To practice with GLSL, let's write a ray tracer in a fragment shader! This is done by rendering a full-screen quad that covers the entire near plane with corners at $(\pm 1, \pm 1)$. Assume the camera (at the origin) is looking down the $-z$ axis and the image plane is at a distance of $d = 1$. The fragment shader is processing a particular pixel. Try to render a unit sphere centered at the point $(0, 0, -2)$ and add a diffuse shading model. I have already extracted the x and y coordinates of the pixel and created the ray direction. The canvas has a width and height of 650.

Moving forward: always ask yourself which coordinate system am I currently in?

In the coming weeks, it will be very important to always ask yourself which frame of reference you are in when doing a particular calculation.
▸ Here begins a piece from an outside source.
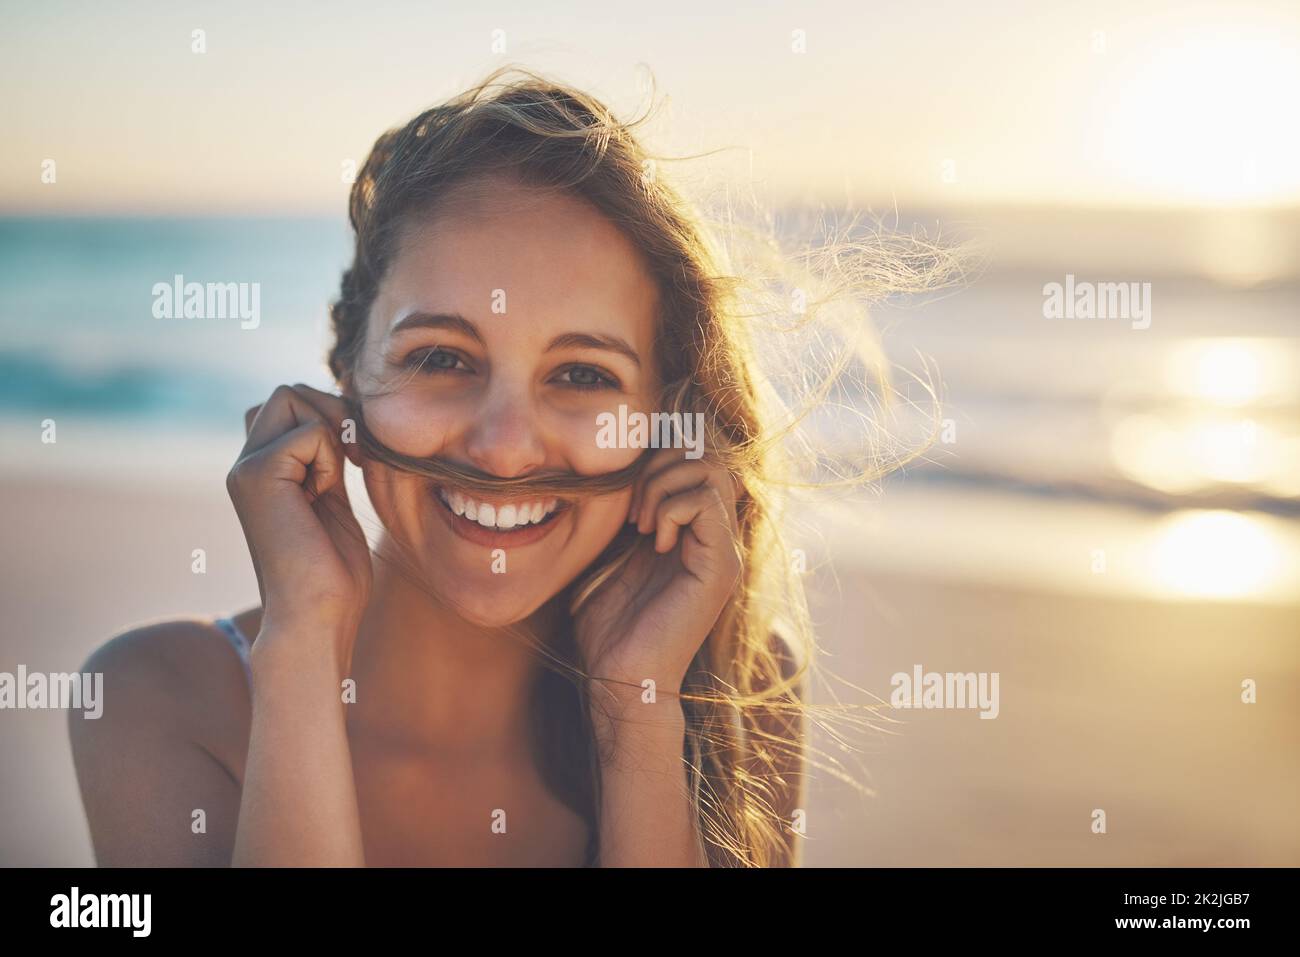 Il segreto della felicità è la libertà. Scatto ritagliato di una donna che fa un baffi giocosamente con i suoi capelli. Foto Stock

The data you pass from a vertex shader to a fragment shader might be in world space, camera space or projection space. Lighting calculations will typically be done in camera space, so vertices should be transformed by the model-view matrix and the normals should be transformed by the inverse-transpose of the model-view matrix before doing a lighting calculation.

WebGL does the viewport (screen) transformation for you, so the gl_Position output (a required output of a vertex shader) should be transformed by the MVP (model-view-projection) matrix.

Also, please remember what you are/are not allowed to do in each programming language we are using, specifically when it comes to linear algebra. GLSL has built-in types and functions for vectors and matrices, with operator-overloading to make expressions more intuitive (and more like how it is written mathematically). JavaScript (with glMatrix) does not.